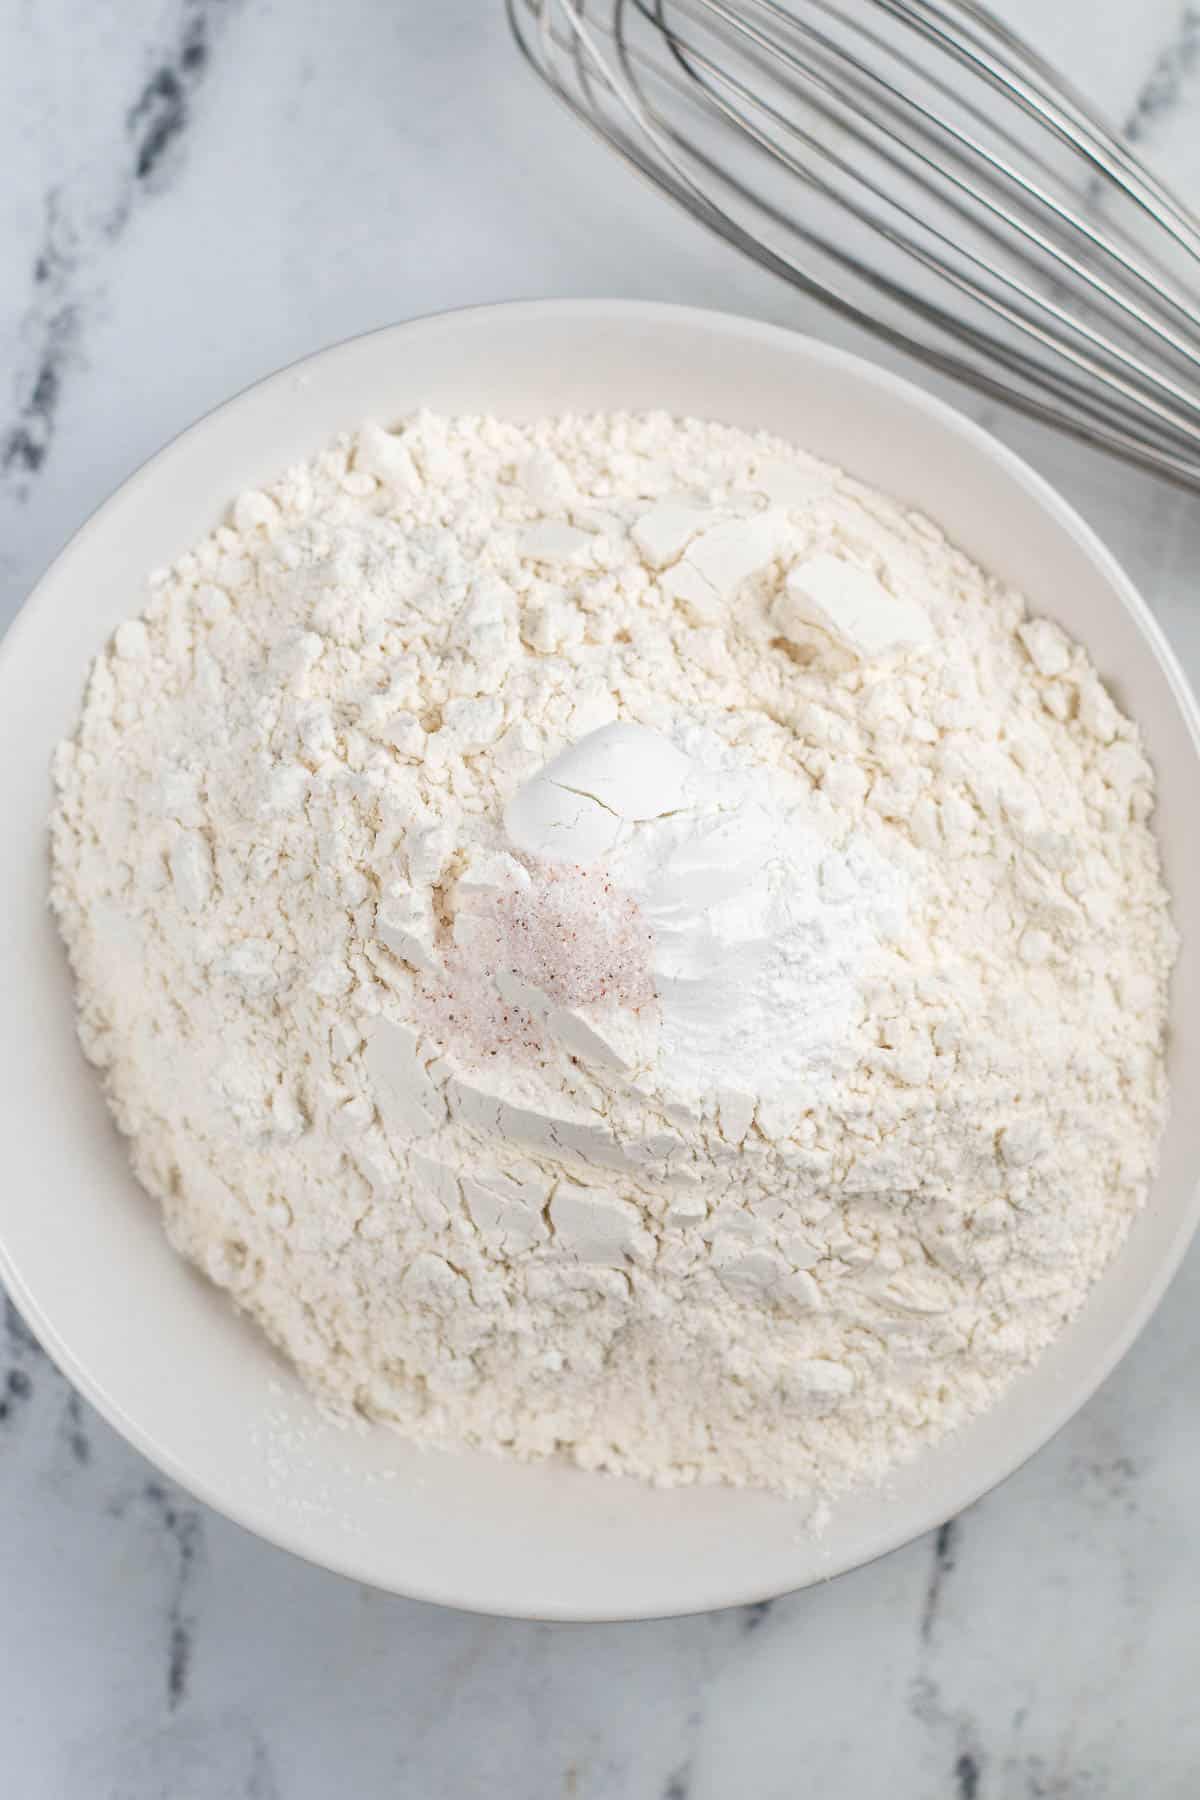 white bowl with flour, baking soda and salt.
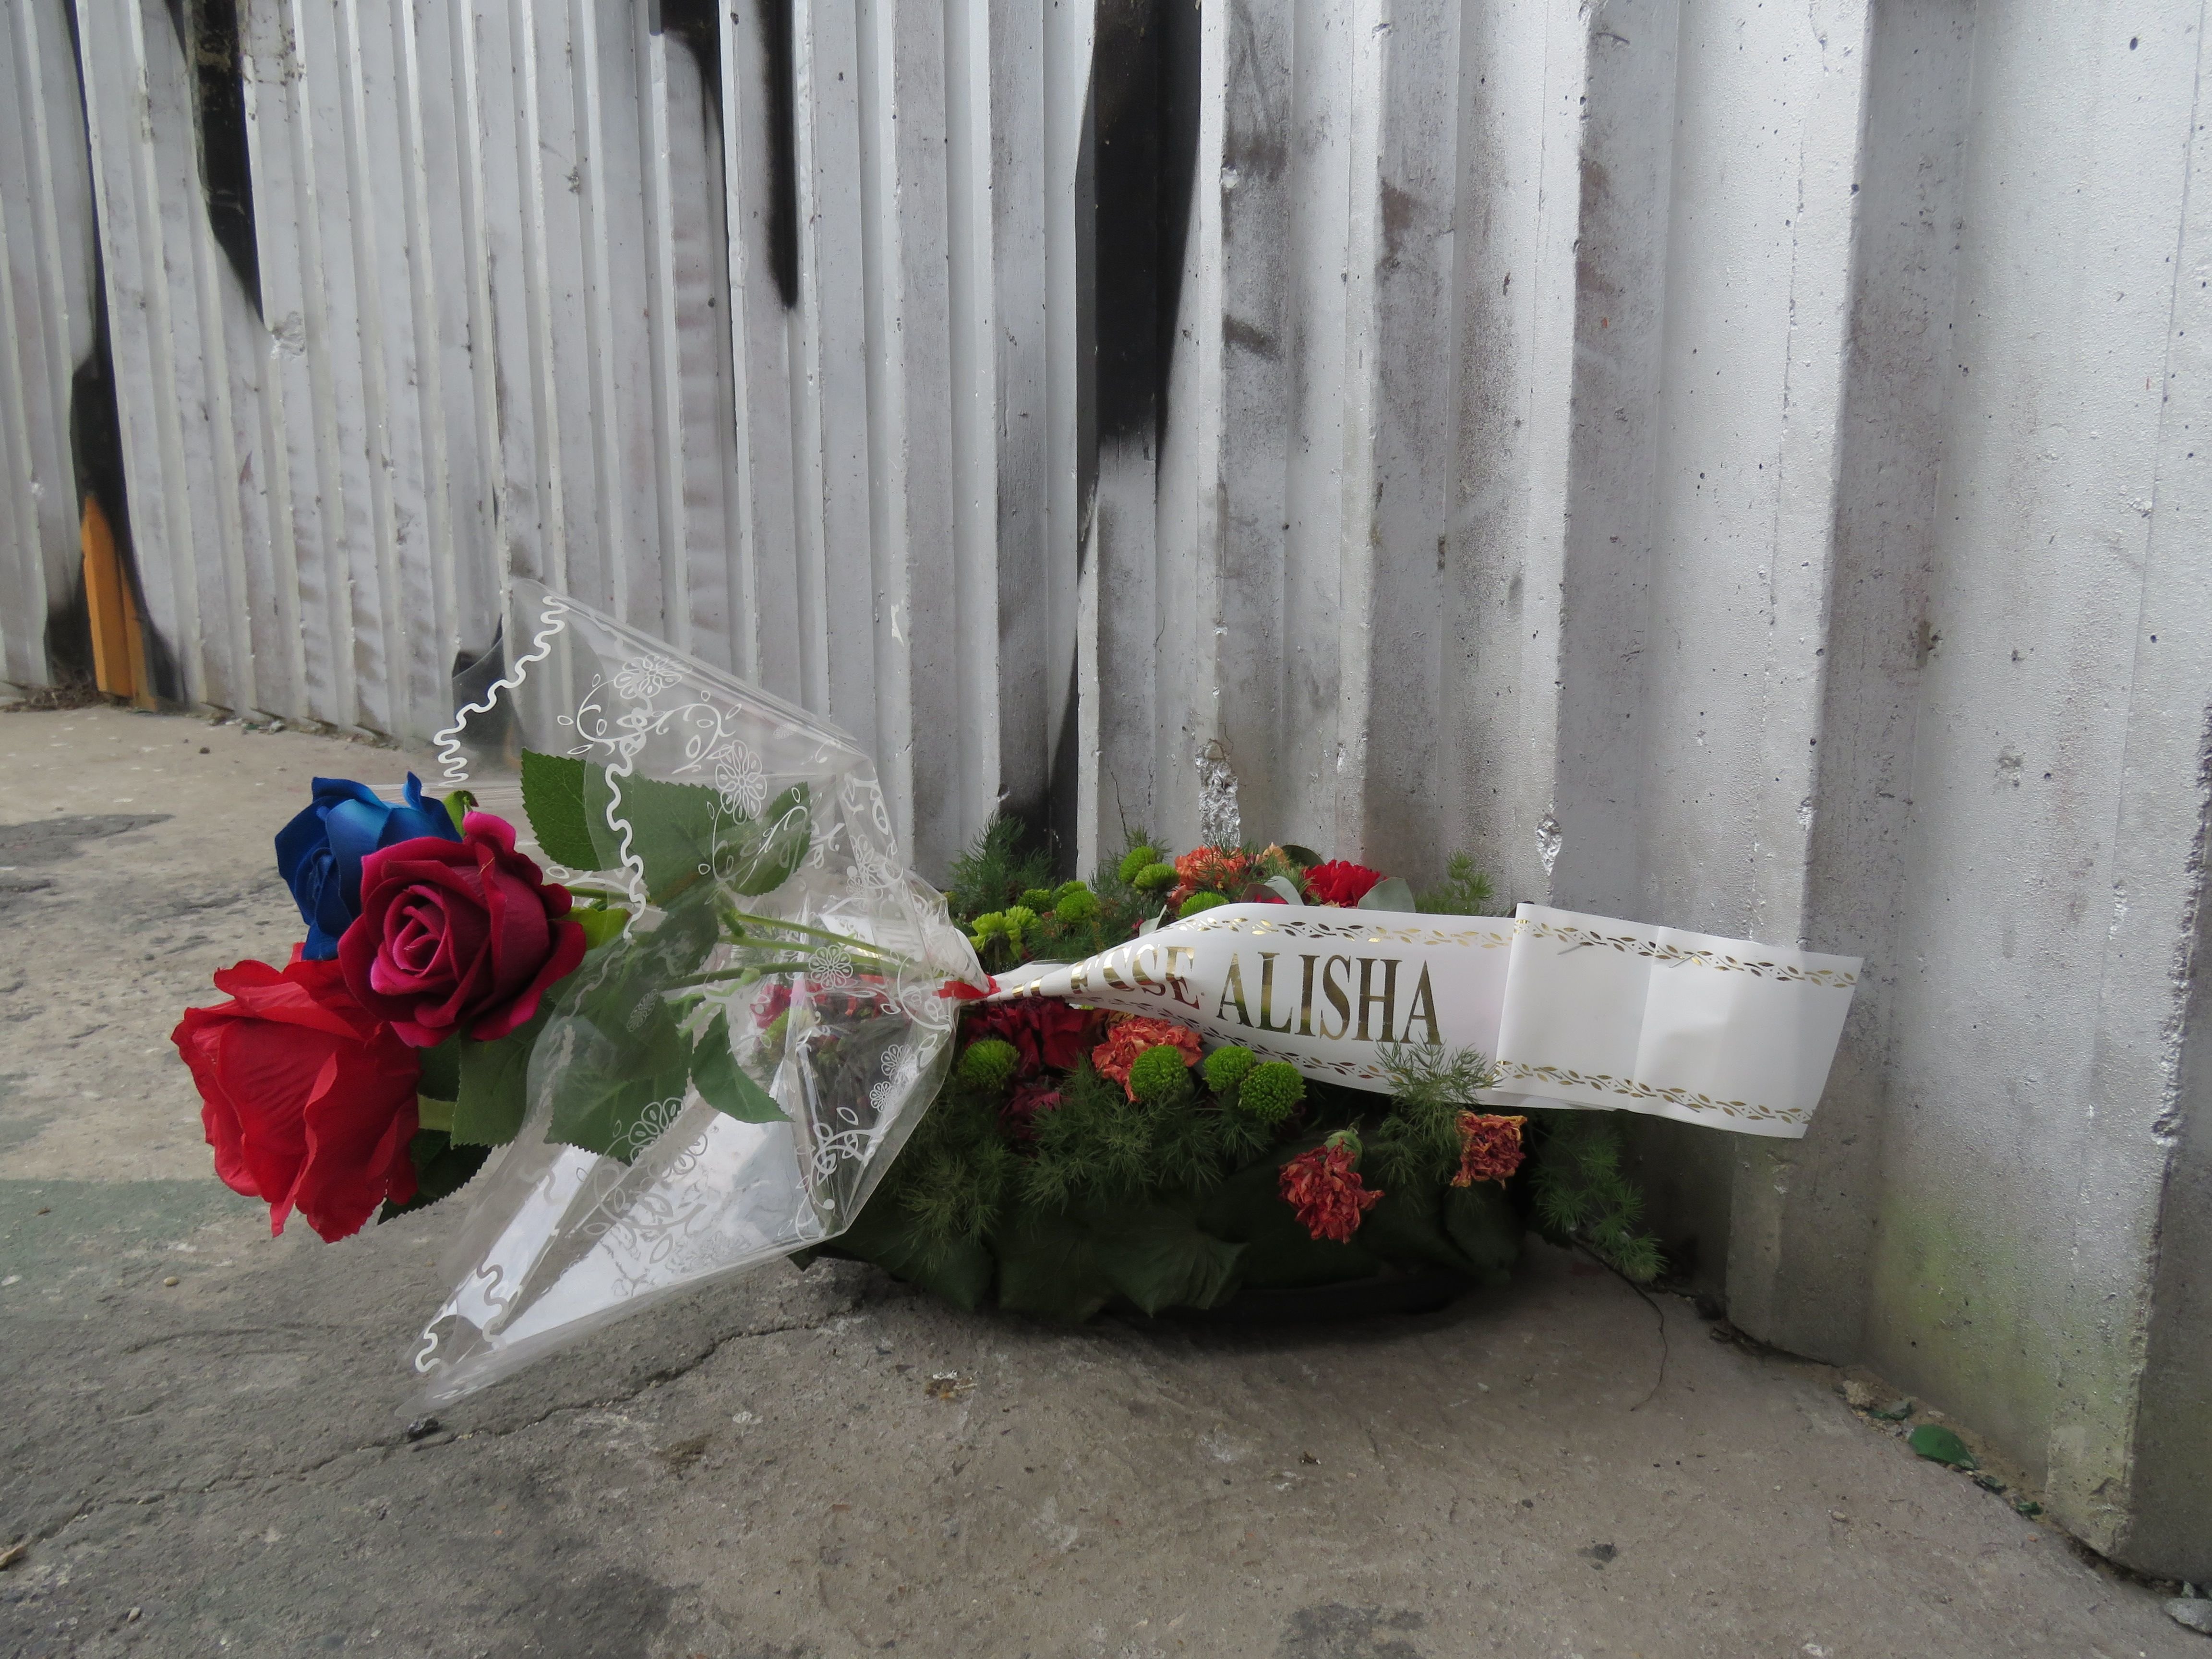 Argenteuil, le 29 mars 2022. La mort d'Alisha, battue puis jetée dans la Seine le 8 mars 2021, avait soulevé une immense émotion. LP/T.C.
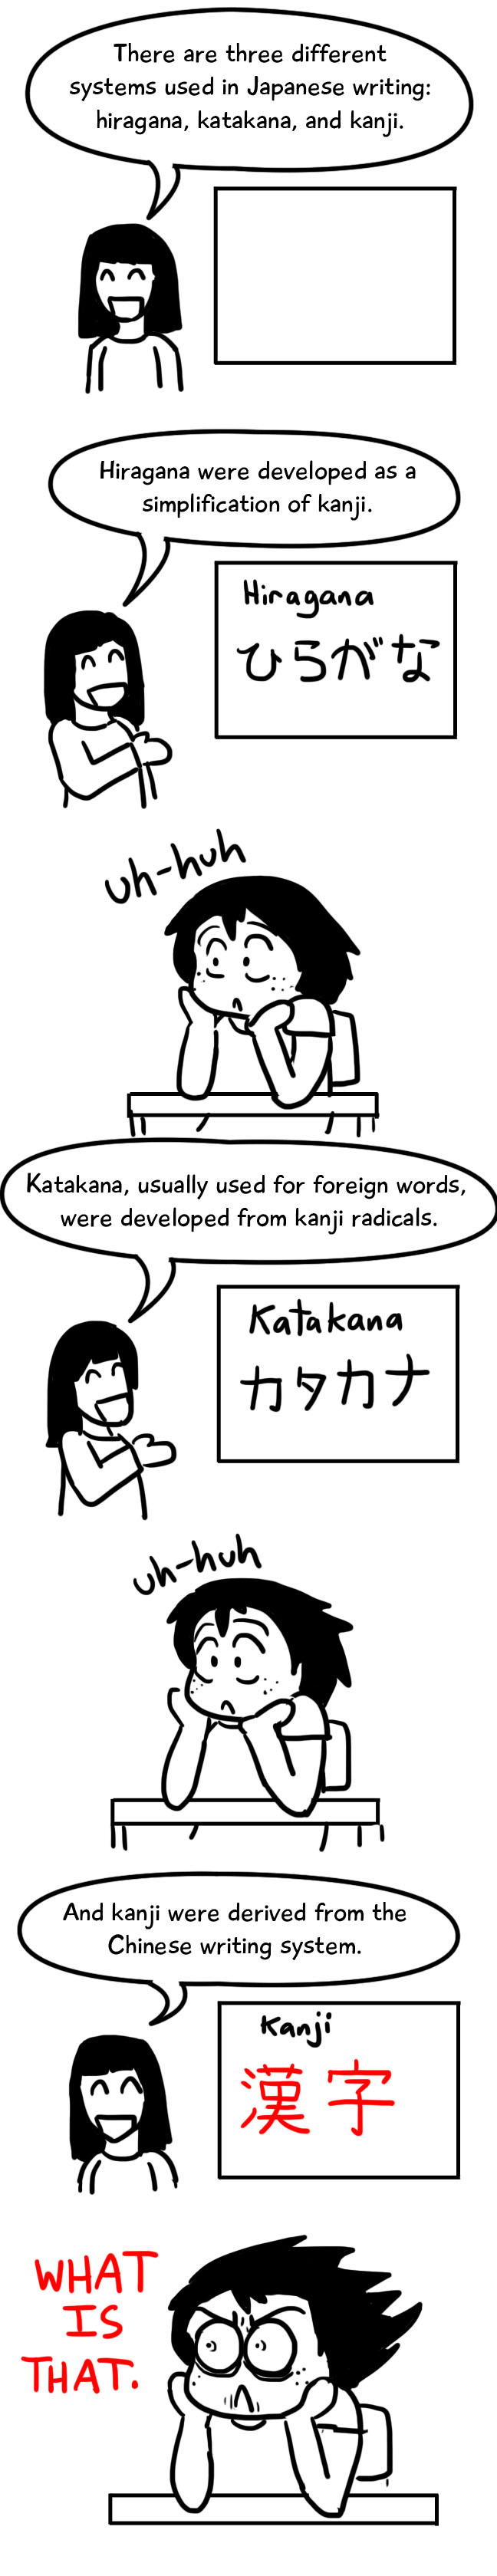 kanji image 1

******************************

Activity » The data is to be printed again exactly, but without its pictures.

Final answer »
 white bowl with flour, baking soda and salt.
 Argenteuil, le 29 mars 2022. La mort d'Alisha, battue puis jetée dans la Seine le 8 mars 2021, avait soulevé une immense émotion. LP/T.C.
 kanji image 1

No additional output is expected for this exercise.